There were moments, truth be told, when Rescorla’s job felt too small for his imagination. In a September 5, 2001, e-mail to an old friend, Rescorla spoke about kairos—a Greek word for an existential or cosmic moment that transcends linear time. “I have accepted the fact that there will never be a kairos moment for me, just an uneventful Miltonian plow-the-fields discipline,” he wrote, “a few more cups of mocha grande at Starbucks, each one losing a little bit more of its flavor.”

“A Voice Straight from Waterloo”

On the morning of 9/11, Rescorla heard an explosion and saw Tower 1 burning from his office window. A Port Authority official came over the public address system and urged everyone to remain at their desks. But Rescorla grabbed his bullhorn, his walkie-talkie, and his cell phone and began systematically ordering Morgan Stanley employees to get out. They already knew what to do, even the 250 visitors who were taking a stockbroker training class and had already been shown the nearest stairway. “Knowing where to go was the most important thing. Because your brain—at least mine—just shut down. When that happens, you need to know what to do next,” McMahon says. “One thing you don’t ever want to do is have to think in a disaster.”

On 9/11, a handful of people might not have died if they had received Rescorla’s warnings. But they did not work at Morgan Stanley. About 50 percent of Trade Center employees did not know that the roof would be locked, according to the Columbia survey of survivors. In the absence of other information, some remembered that victims had been evacuated from the roof in helicopters in 1993. So they used the last minutes of their lives to climb to the top of the towers—only to find the doors locked. They died there, wondering why.

As Rescorla stood directing people down the stairwell on the forty-fourth floor, the second plane hit—this time striking about thirty-eight floors above his head. The building lunged violently, and some Morgan Stanley employees were thrown to the floor. “Stop,” Rescorla ordered through the bullhorn. “Be still. Be silent. Be calm.” In response, “No one spoke or moved,” Stewart writes. “It was as if Rescorla had cast a spell.” Rescorla immediately shifted the evacuation to a different stairwell and kept everyone moving. “Everything’s going to be OK,” he said. “Remember,” he repeated over and over, as if it were a tonic unto itself, “you’re Americans.”

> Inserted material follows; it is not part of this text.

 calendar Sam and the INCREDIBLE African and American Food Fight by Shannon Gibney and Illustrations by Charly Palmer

Morgan Stanley employees had seen what had happened in the other tower after the first plane hit. They had a clear view of the flames scaling the building and people—people just like them—jumping out of windows, their ties flapping in the wind. So when the second plane hit, they knew exactly what was happening in the floors above them.

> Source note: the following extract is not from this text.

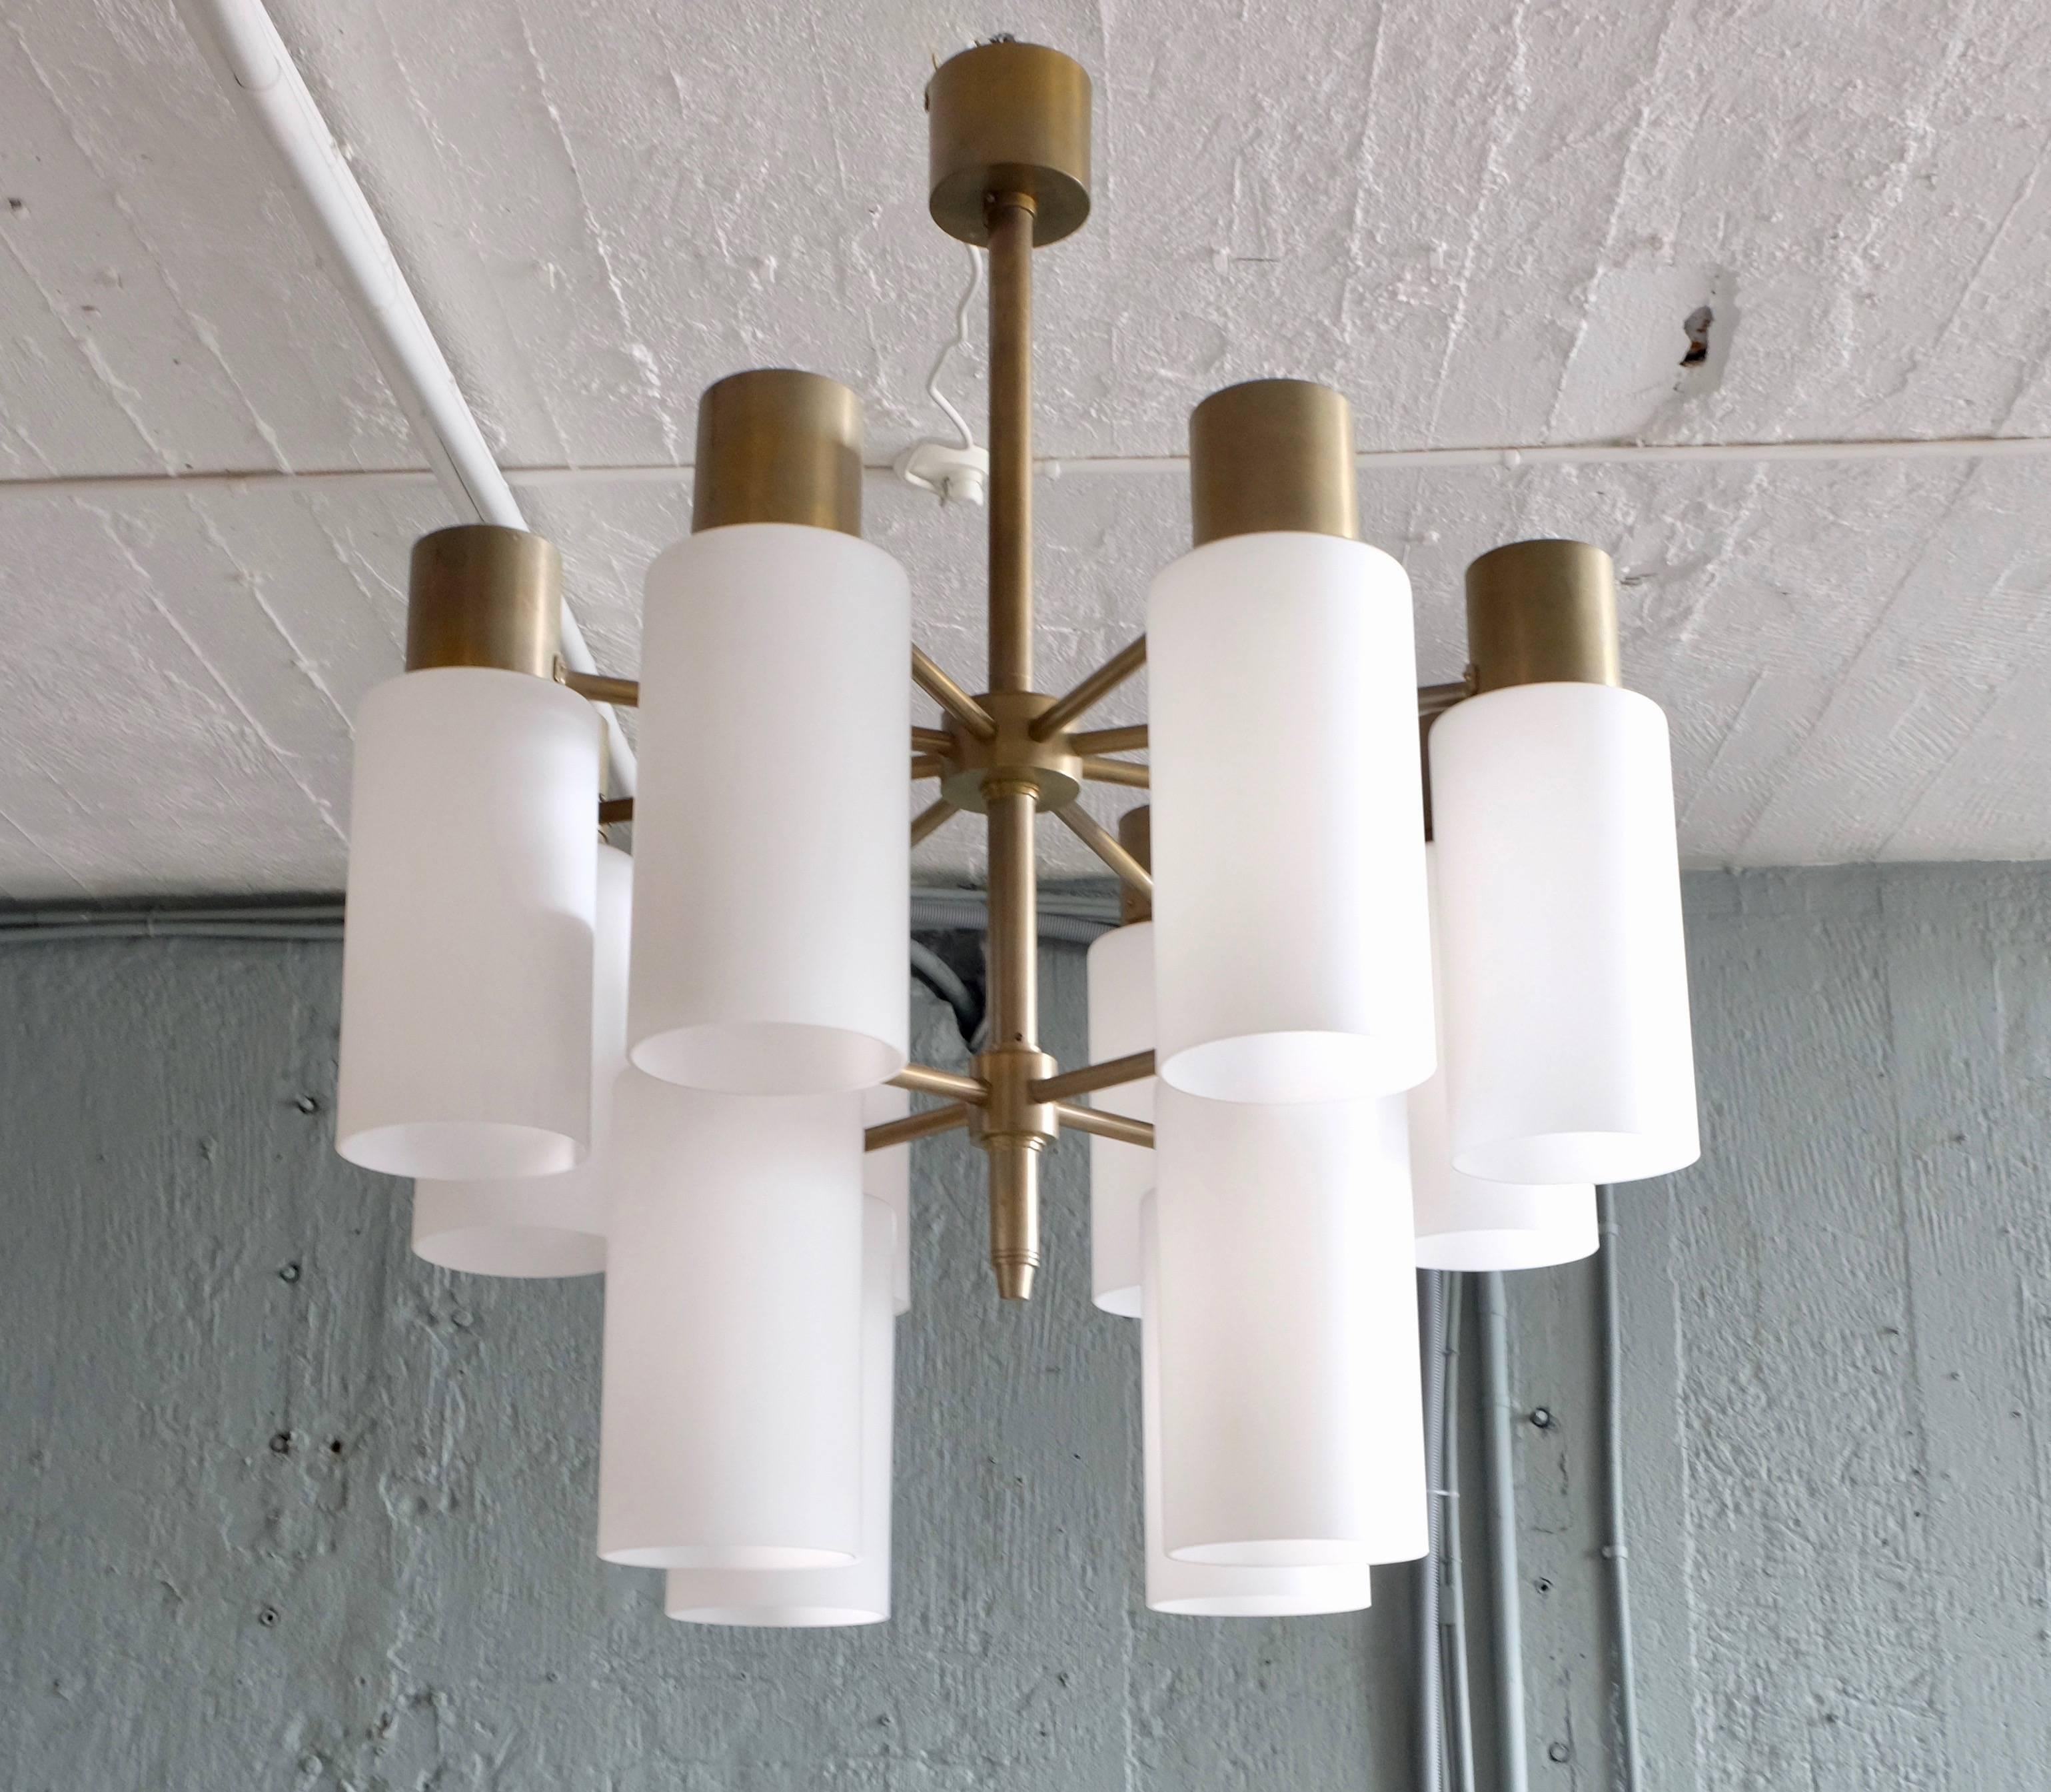 Swedish Rare Pair of Hans-Agne Jakobsson Brass Chandeliers with Opaline Shades, 1960s For Sale

Rescorla had led soldiers through the night in the Vietcong-controlled Central Highlands of Vietnam. He knew the brain responded poorly to extreme fear. Back then, he had calmed his men by singing Cornish songs from his youth. Now, in the crowded stairwell, as his sweat leached through his suit jacket, Rescorla began to sing into the bullhorn. “Men of Cornwall stand ye steady; It cannot be ever said ye for the battle were not ready; Stand and never yield!” One of his security employees brought out a chair for him. But Rescorla chose to keep standing.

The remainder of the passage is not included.